Ich bin unbewohnt

Gestern geschah etwas sehr seltsames.
Ich bin deswegen zu meinem Arzt gegangen.
Der Auslöser war eine Aussage des sozialdemokratischen Schauspielers Erwin Steinhauer nach der Premiere eines Stücks über den berühmten und beliebten Wiener Volksschauspieler Hans Moser, das dessen ambivalente Haltung den Nazis gegenüber zum Thema hatte. Moser, so die Aussage, sei weder für noch gegen die Nazis gewesen. Und dann kam es:
«In uns allen wohnt ein Hans Moser!», sagte Steinhauer.

Ich erschrak. Ich horchte in mich hinein. Lange. Sollte der «Dienstmann» tatsächlich unbemerkt in mir Wohnung bezogen haben? Ich horchte und horchte. Hörte ich nicht das geraunzte: «Wie nemmern denn?»

Ich beschloss, der Sache auf den Grund zu gehen.
Mein Arzt war etwas verwundert, als er mein Anliegen erfuhr.
«Könnten Sie bitte mal nachschauen ob der Hans Moser in mir wohnt? Und wenn Sie schon dabei sind, dann sehen sich doch gleich nach, ob da nicht auch noch Gustav Gründgens, Paula Wesseley, Judas oder gar Hitler logieren? Man hört doch immer von kritischen Künstlern, dass diese Typen in uns wohnen sollen. Sehen Sie mal gründlich nach.»

Mein Arzt, ein junger, netter Mann, tat wie ihm geheißen und machte eine Reihe Tests. Bei einem musste ich sogar einen Kopfstand machen um zu eruieren, ob da vielleicht was rumpelte oder umfiel oder ob Hans Moser gar zu schimpfen anfing, weil im der Koffer auf den Fuß gefallen ist.
«Ich kann nichts finden», sagte mein Arzt. «Bei ihnen sind alle Wohnungen, falls es welche sind, noch leer.»
«Nicht mal Hitler?»
«Nicht mal der.»
«Göbbels auch nicht?»
«Keine Spur.»
«Vielleicht James Bond?»
«Na.»

Ich ging wieder nach Hause und drehte den Fernseher an. Da saß nun der Dichter des Dramas im Studio, der Hof-Kraut -und Heimatdichter Franzobel. Mit seinem Haarbüschel am Kinn sah er aus wie ein selbstzufriedener, satter Fernsehkoch. Er diskutierte gerade mit einem Jounalisten (dessen Name ich leider nicht erinnern kann). Der Dichter, der alle gefühlten Tage ein neues Drama krautflutete, vertrat die Ansicht, dass es künstlerische Freiheit bedeutet, wenn er den Moser sagen lässt, «dass er eh die Nazis wollte», obschon das in keinster Weise belegt war. Der Journalist war anderer Meinung. Ich eigentlich auch.
Aber mit Lappalien, wie historischer Wahrheit, hält sich auch ein Herr Röhler in seinem Film «Jud Süß» nicht auf, und macht aus der Frau des Jud Süß-Darstellers Marian einfach eine Jüdin. Das dient dann zur Herausarbeitung von Emotionen und dem Zuspitzen von Konflikten. Sowas lernt man in jeder «Kronenzeitungs-Journalistenschule».

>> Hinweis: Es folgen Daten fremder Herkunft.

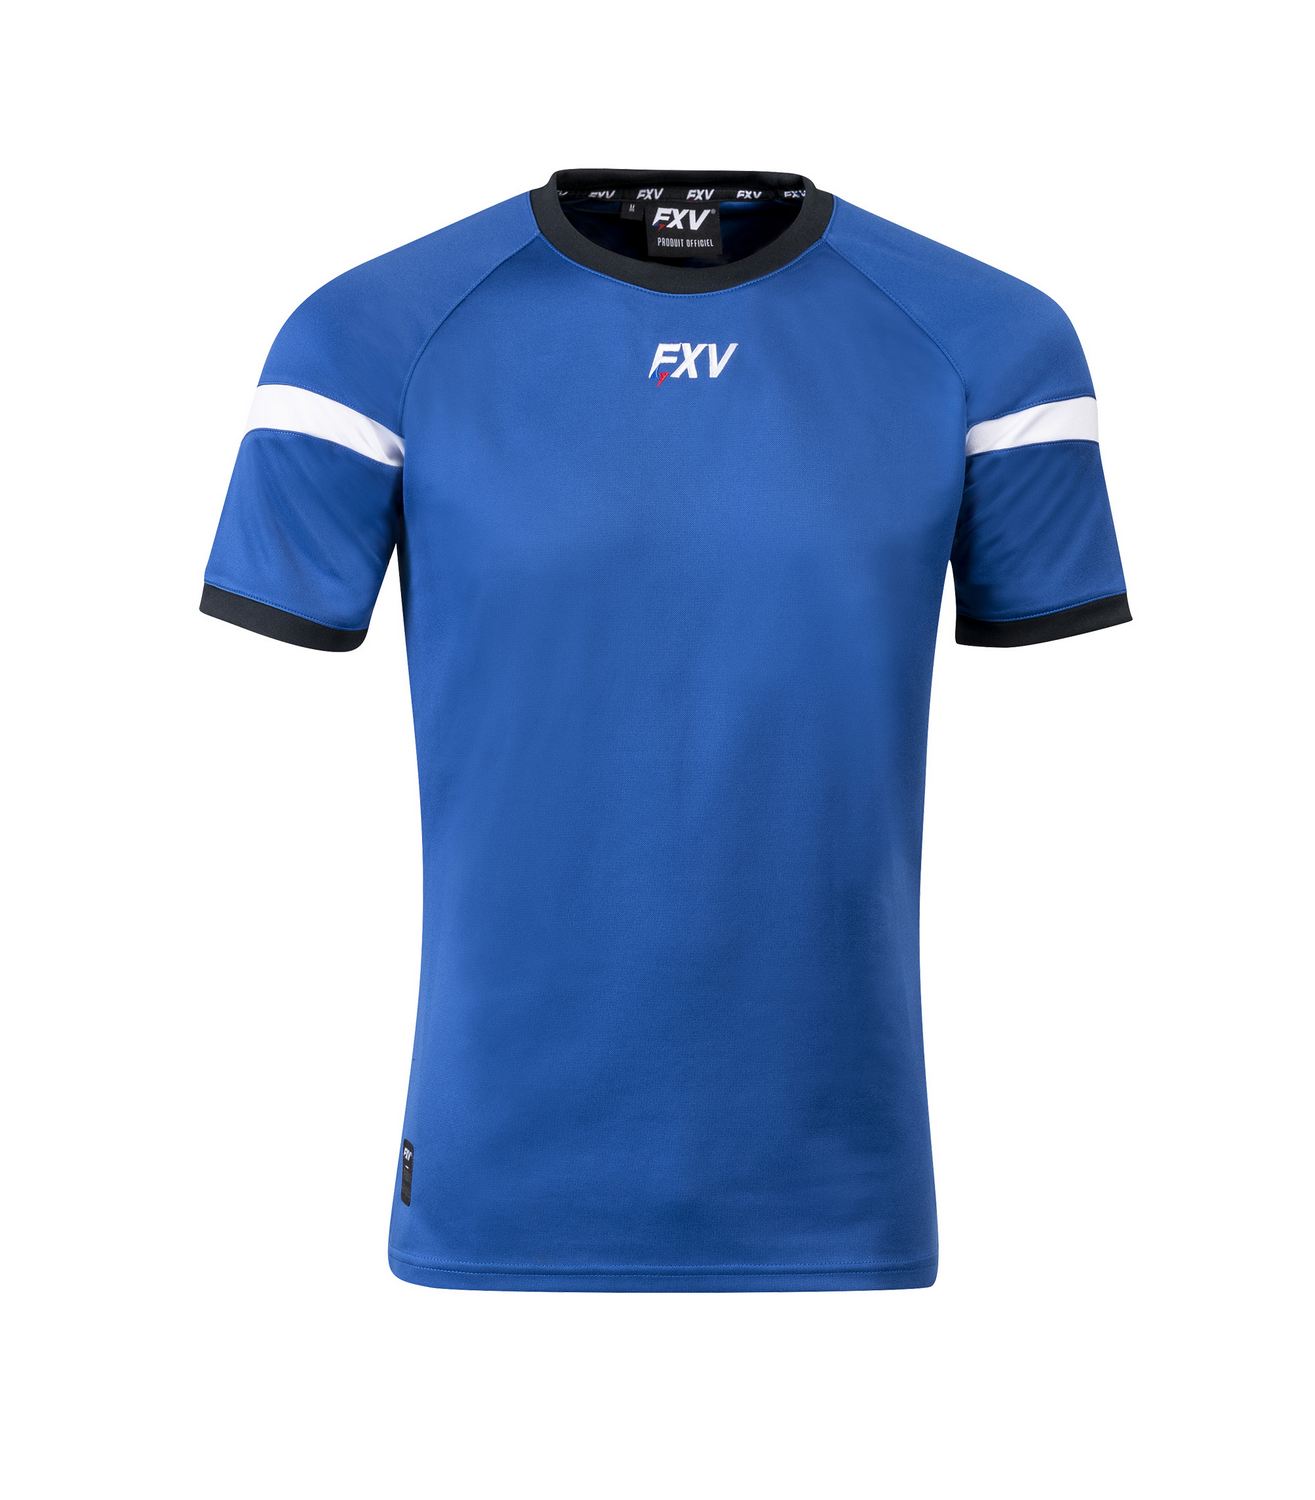 FORCE XV MAILLOT DE RUGBY TRAINING VICTOIRE JUNIOR Roy

Dann dachte ich darüber nach, warum wohl der Schauspieler Steinhauer gesagt hatte, dass Hans Moser in mir wohnt, obschon das nicht wahr ist. Es gibt eine Erklärung: Man nennt es auch Projektion. Der Mann schließt von sich auf andere.
Es gibt auch noch andere Erklärungen: Er hält uns für Deppen. Oder sich selber für ein Genie, dass den Deppen sagen muss, was sie empfinden und wer in ihnen wohnt. Möglich sind auch alle Gründe zusammen genommen.

Also, ihr Dramatiker, Autoren, Filmemacher und Zirkusclowns, hört her:
Ich bin unbewohnt.
Und ich möchte euch mit den legendären Worten des Jon Webb zurufen:
«Hört auf mich ins Ohr zu pimpern, Kollegen, fickt euch lieber ins Knie!»